[英]Python performance: search large list vs sqlite
Lets say I have a database table which consists of three columns: id
, field1
and field2
. 假设我有一个数据库表,它包含三列:
id
, field1
和field2
。 This table may have anywhere between 100 and 100,000 rows in it. 该表中可能包含100到100,000行。 I have a python script that should insert 10-1,000 new rows into this table.
我有一个python脚本,应该在此表中插入10-1,000个新行。 However, if the new
field1
already exists in the table, it should do an UPDATE
, not an INSERT
. 但是,如果表中已存在新的
field1
,则应该执行UPDATE
,而不是INSERT
。
Which of the following approaches is more efficient? 以下哪种方法更有效?
SELECT field1 FROM table
( field1
is unique) and store that in a list. SELECT field1 FROM table
( field1
是唯一的)并将其存储在列表中。 Then, for each new row, use list.count()
to determine whether to INSERT
or UPDATE
list.count()
来确定是INSERT
还是UPDATE
SELECT count(*) FROM table WHERE field1="foo"
then either the INSERT
or UPDATE
. SELECT count(*) FROM table WHERE field1="foo"
然后是INSERT
或UPDATE
。 In other words, is it more efficient to perform n+1 queries and search a list, or 2n queries and get sqlite to search? 换句话说,执行n + 1个查询和搜索列表,或2n个查询并获取sqlite进行搜索是否更有效?
If I understand your question correctly, it seems like you could simply use SQLite's built in conflict handling mechanism. 如果我理解你的问题,似乎你可以简单地使用SQLite内置的冲突处理机制。
Assuming you have a UNIQUE constraint on field1, you could simple use: 假设你对field1有一个UNIQUE约束,你可以简单地使用:
INSERT OR REPLACE INTO table VALUES (...)

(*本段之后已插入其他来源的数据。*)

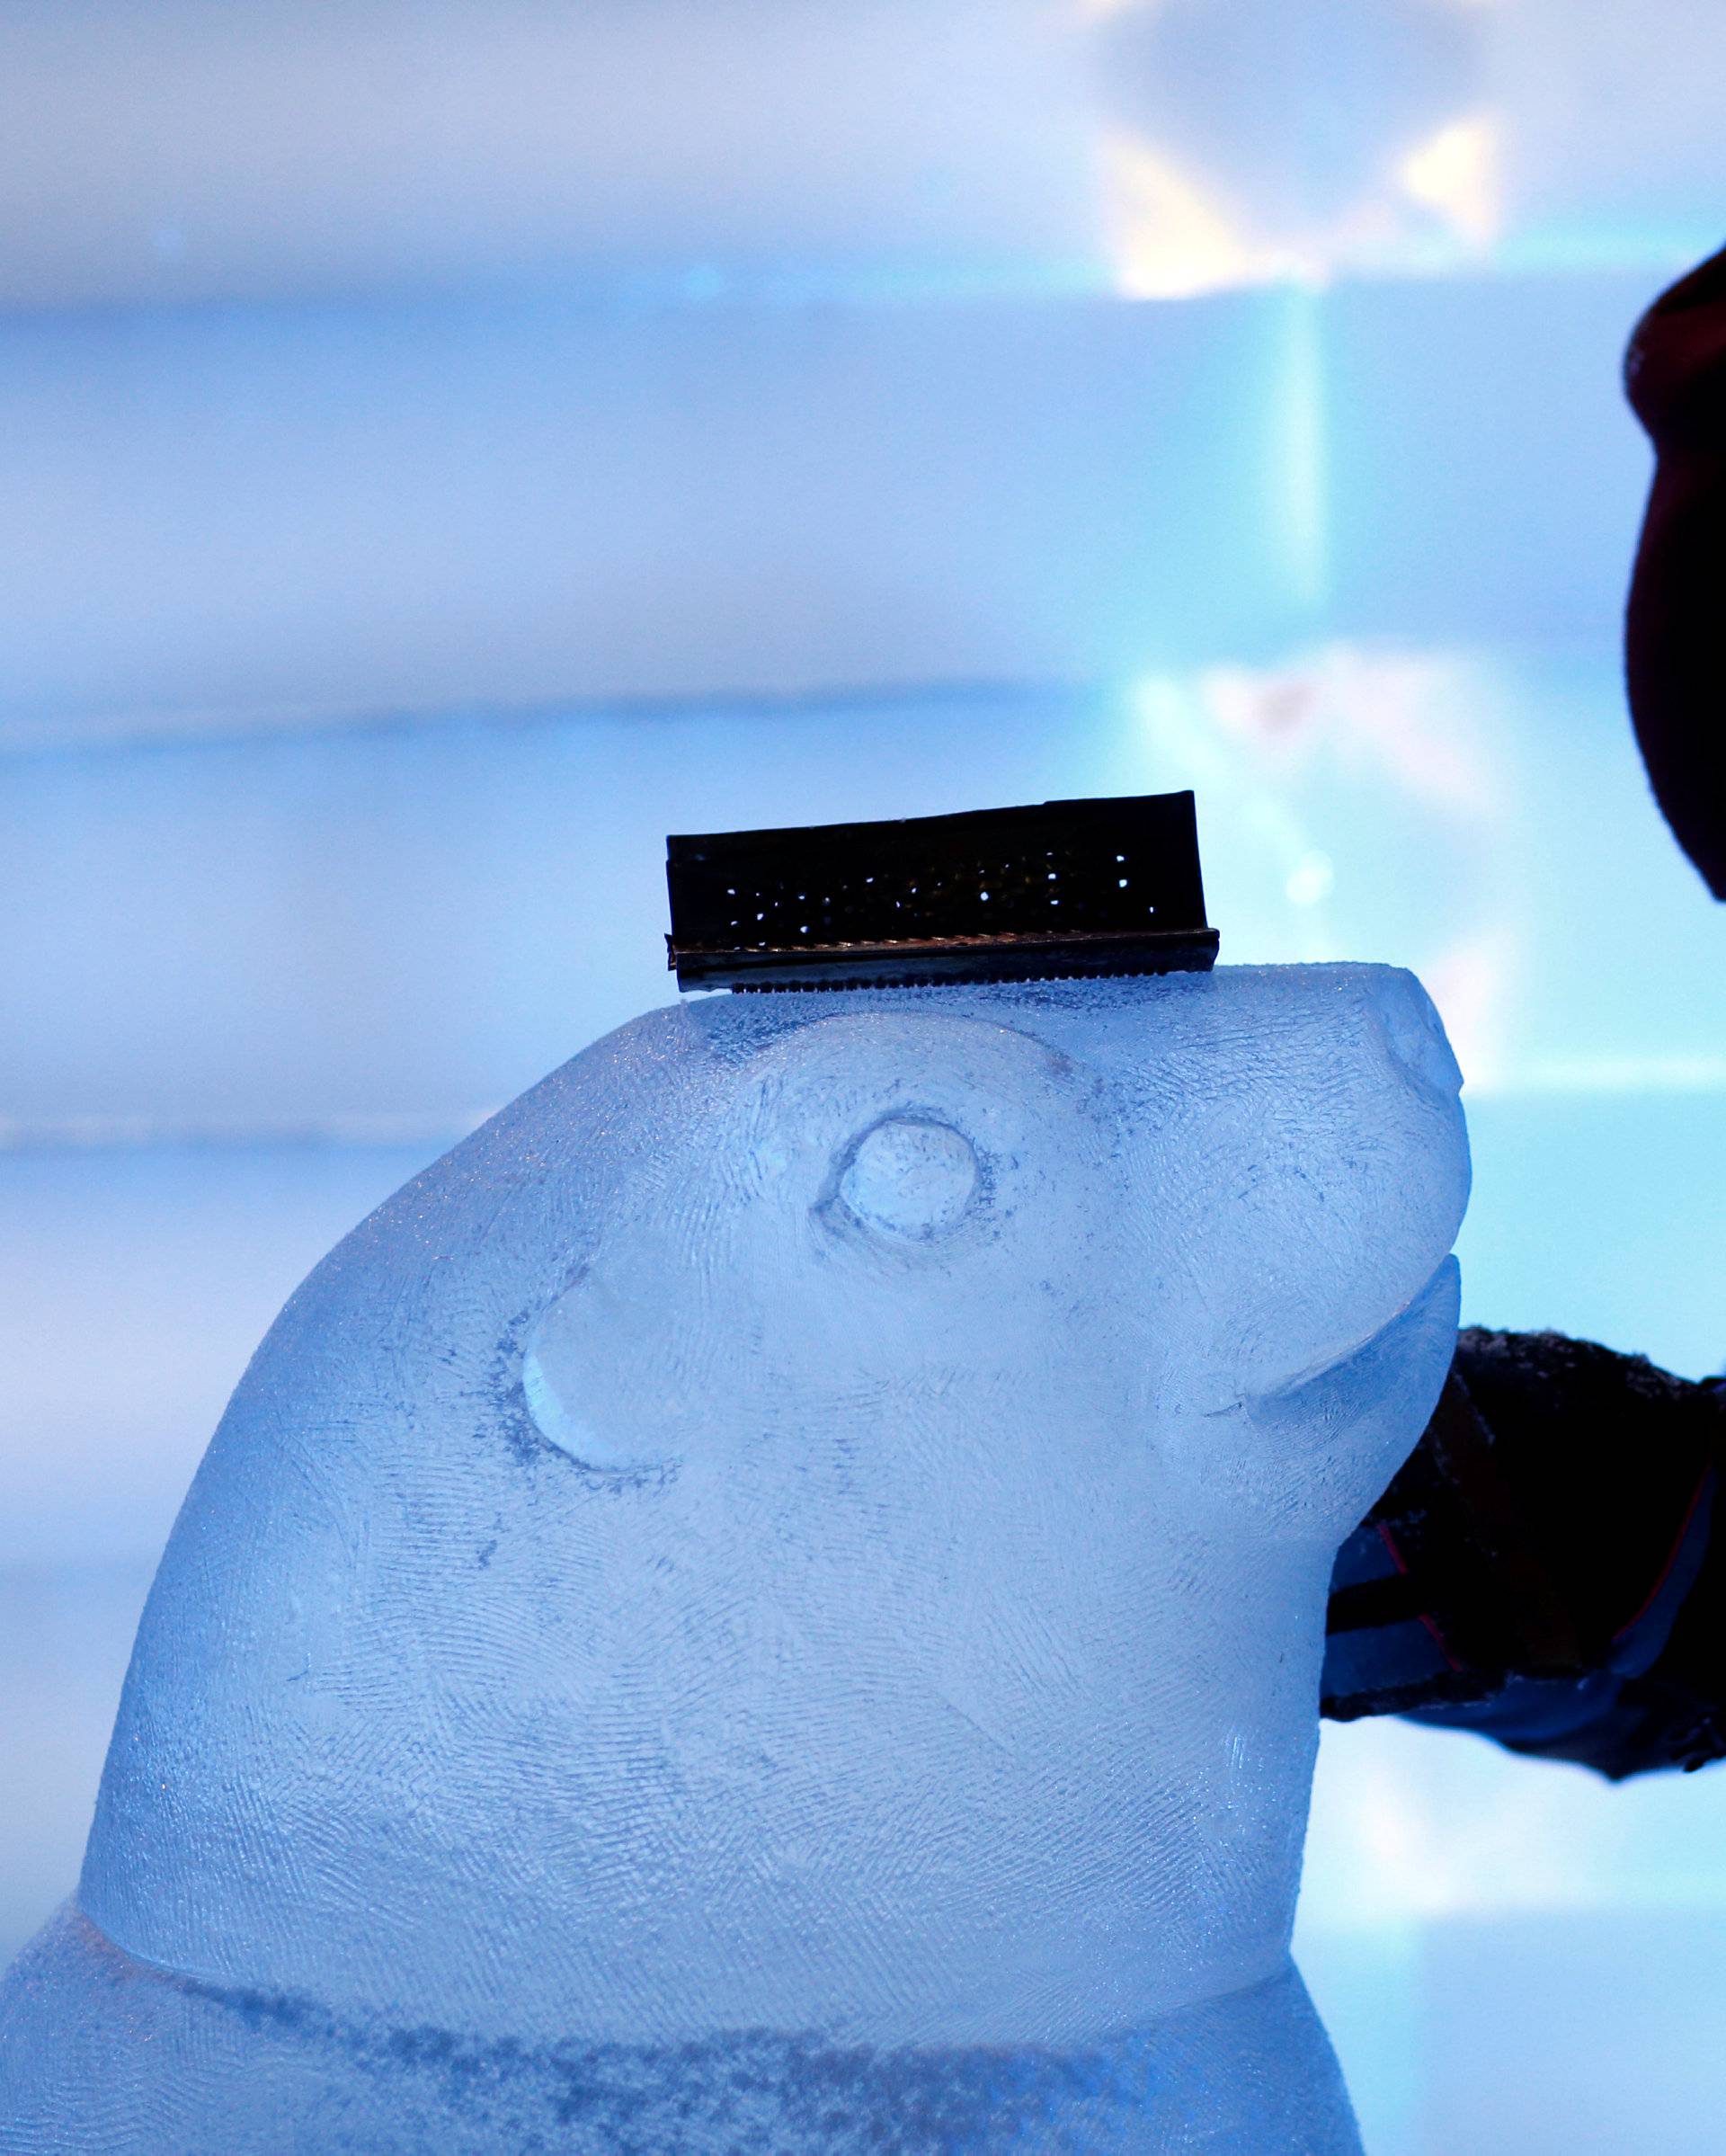 A sculptor carves a sculpture depicting a seal at the Snow and Ice Sculpture Festival "Eiswelt Mainz" in Mainz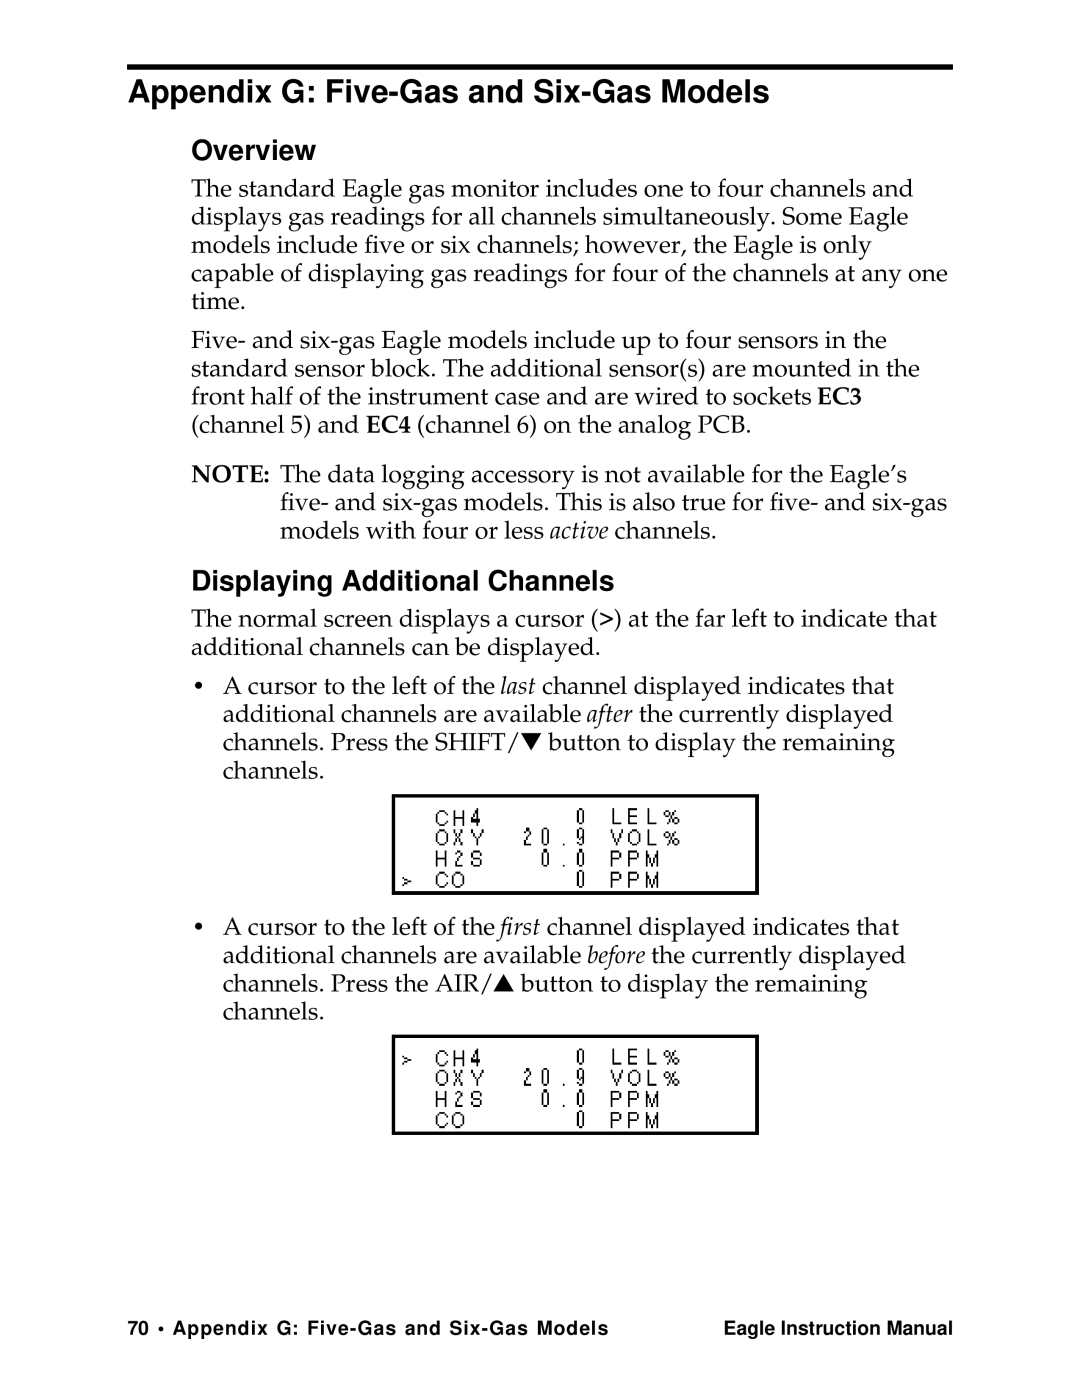 Eagle Home Products Eagle Series instruction manual Appendix G Five-Gas and Six-Gas Models, Displaying Additional Channels

The following syntax is also supported (identical semantics): 还支持以下语法(相同的语义):
REPLACE INTO table VALUES (...)
EDIT: I realise that I am not really answering your question, just providing an alternative solution which should be faster. 编辑:我意识到我并没有真正回答你的问题,只是提供一个应该更快的替代解决方案。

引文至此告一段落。